И, не ожидая моего ответа, стал говорить дальше сам:
— Это я вам, паренек, со всею ответственностью заявлю: этакие курбеты должны быть пресекаемы виселицей. В строжайшем порядке — военно-полевой суд, и извольте с восходом солнца повиснуть на суку, да непременно перед строем части. Это что же, паренек! Это попирается основа основ. Это попирается священная присяга государю и Отечеству. А ведь уже четвертая статья свода законов Российской империи гласит о повиновении власти государевой не только за страх, а и за совесть. За совесть, заметьте, паренек! Я уж не говорю о священной присяге!
Трудно было сказать, знал ли он, кто перед ним. Он ходил по кабинету и ругал того неведомого ему негодяя, который отказался выполнить приказ. Ругал как-то вдохновенно, взятый за живое, будто это непосредственно и сильно отразилось на нем.

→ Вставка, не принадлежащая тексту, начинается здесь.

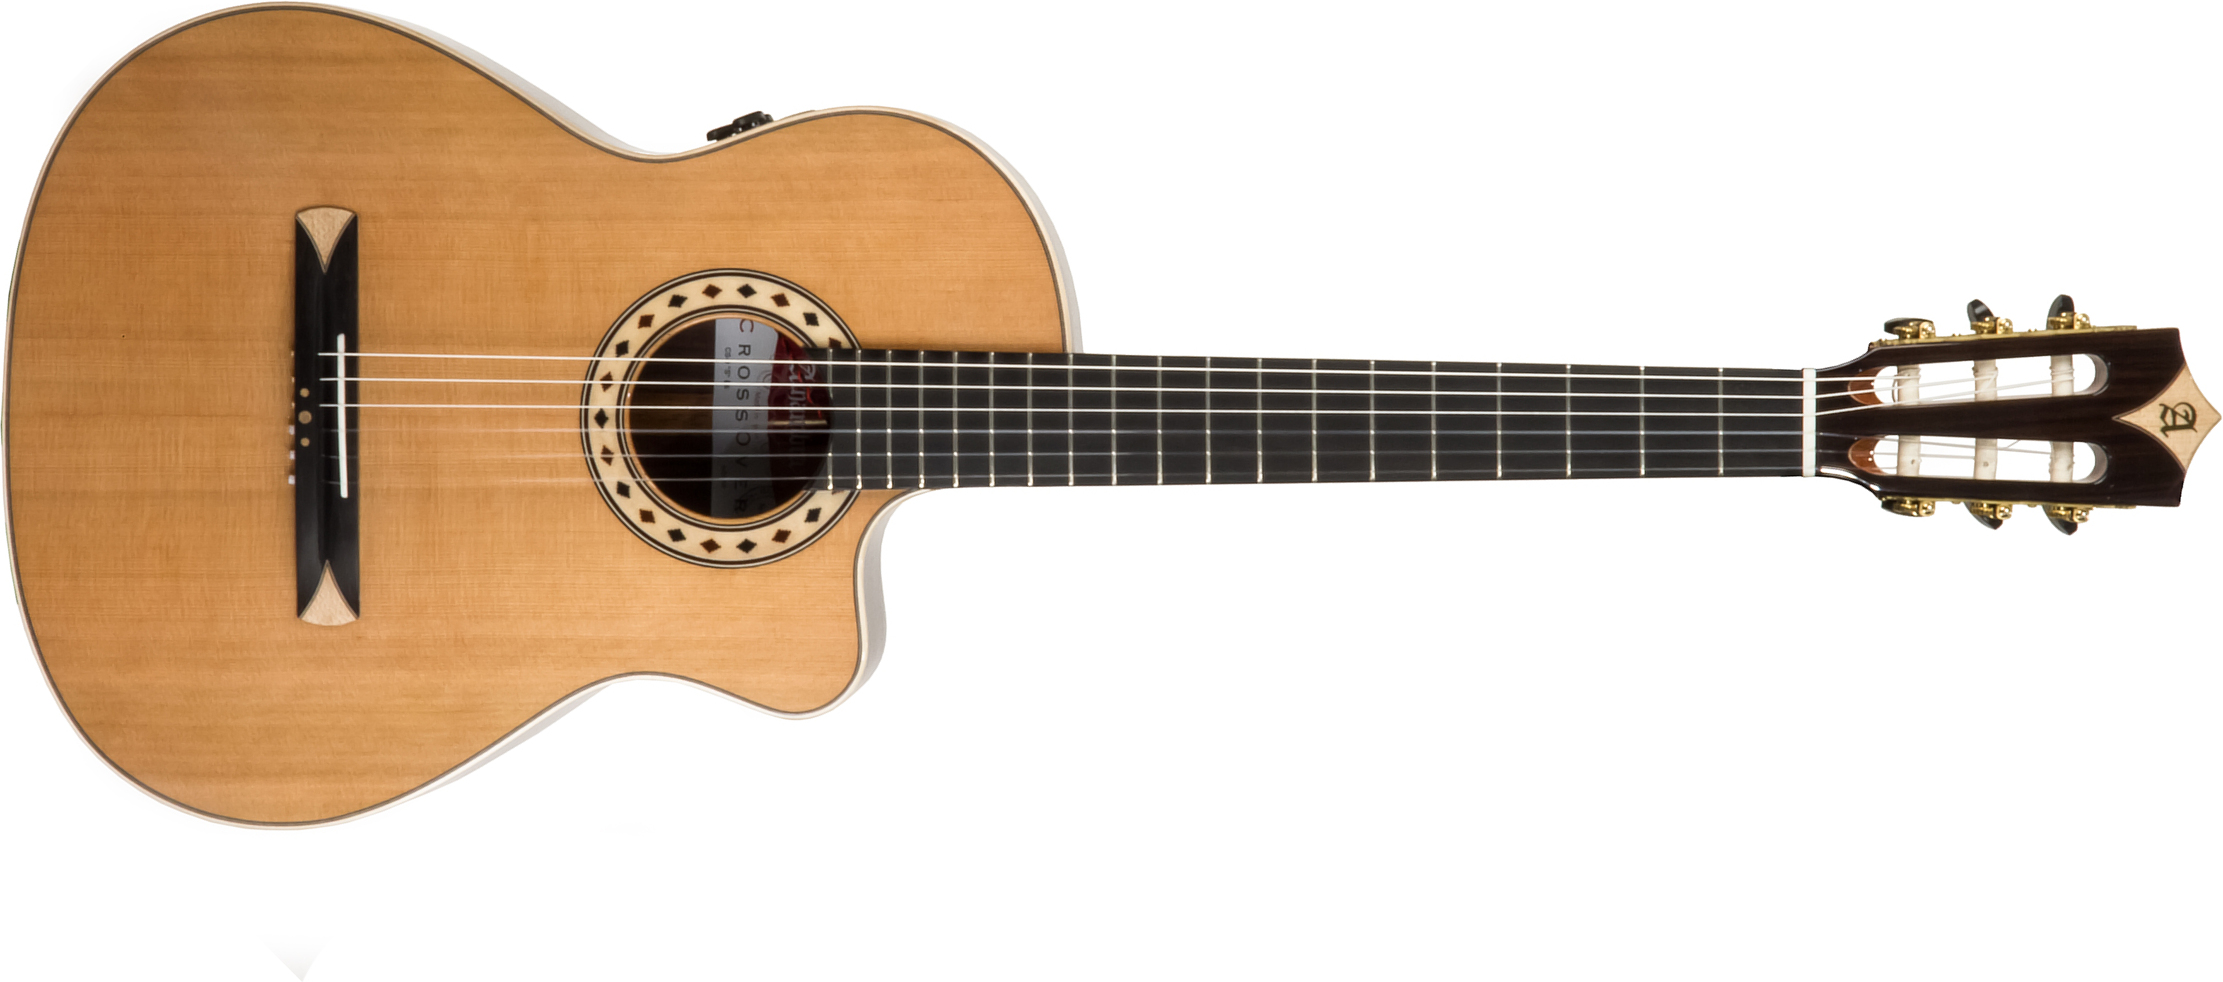 Alhambra Cs-3 Cw E8 Cross-over Cedre Palissandre Eb - Natural - Classical guitar 4/4 size - Main picture
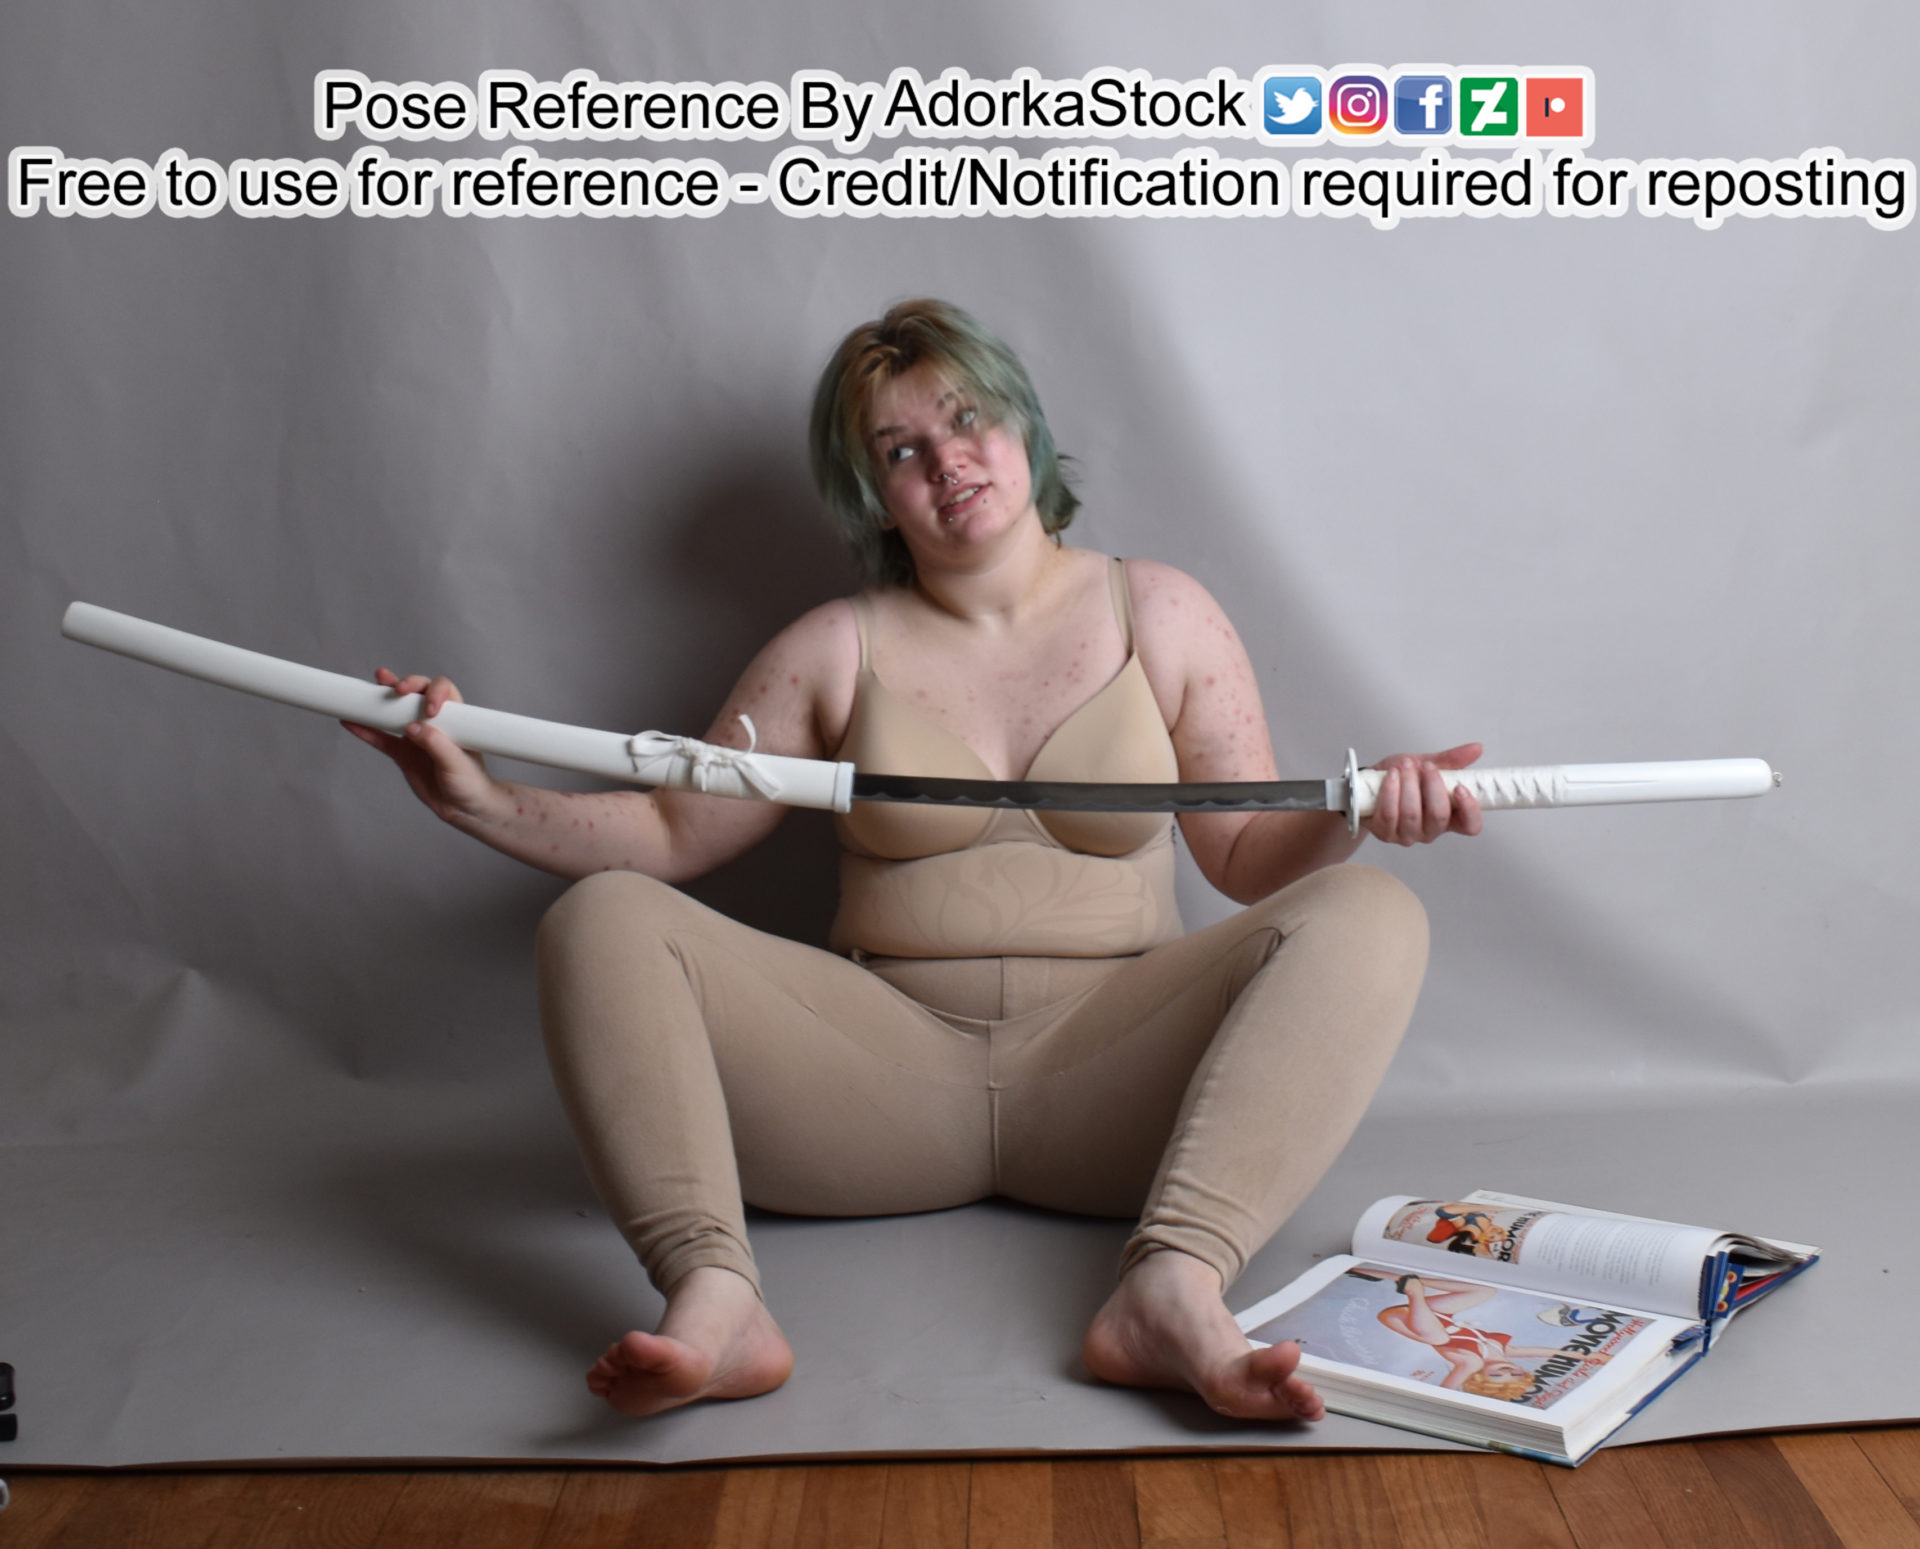 Pose reference model sitting on the floor unsheathing a katana looking suspicious

— А вот вы, паренёк, — переключился он на меня, из чего я вывел, что все-таки он не догадывался, кто перед ним. — Вот вы уже штабс-капитан. У вас Академия. Вам скоро дивизион получать. Вас же переводят в погранстражу. Что это? Что? И не трудитесь дать ответ. И без него знаю. Знаю, что вместо службы вы занялись опозореньем мундира офицера, занялись каким-нибудь философствованием на предмет, необходимо ли почитать старшестоящих начальств и исполнять их распоряжения.
Я опять подумал, что все-таки он знает про меня. И этакая гадалка продолжалась довольно долго — столько, что я стал развлекаться ею.
— А в полусотню вас! — говорил он. — Чему вы там научитесь? Казаки, пластуны, все вне уставов, все по-своему, все своебышно. Командиром у них такой же вертопрах, некий, дай бог памяти, башибузук башибузуком, некий граф Нулин! И что вы от них вынесете? Какие-нибудь дерзости разбойные, какие-нибудь разгильдяйства — вот что вы от них вынесете! Ведь недаром часть сия была представлена на Высочайшее рассмотрение к упразднению. Неизвестно чьими ходатайствами выкрутились, голубчики. А ведь сплошь варнаки! И в вас эту любовь к вольностям я вижу! Не своевольничать надобно, паренек, не своевольничать, а служить! Так что извольте! Вот вам должность старшего адъютанта полусотни, и чтобы мне в самом надлежащем виде там устроить! Чтобы привести полусотню к образцу службы! Очень недоволен я вами, паренек!
Признаться, за восемь лет службы, два с половиною из которых прошли в Академии, я не слыхивал о том, чтобы какая-нибудь воинская часть русской армии составом в казачью полусотню и сотню, пехотную полуроту и роту или даже артиллерийскую батарею имела бы штаб, коему полагался начальник. Однако не мне было удивляться услышанному. Я сухо поблагодарил полковника за назначение.
— Идите, идите! — сердито сказал он. — И подумайте о своей будущности. Ох не вам тратить годы свои и государственные средства, затраченные на ваше обучение, в сомнительных воинских частях, коим названия иначе, как атавистические, не сыскать!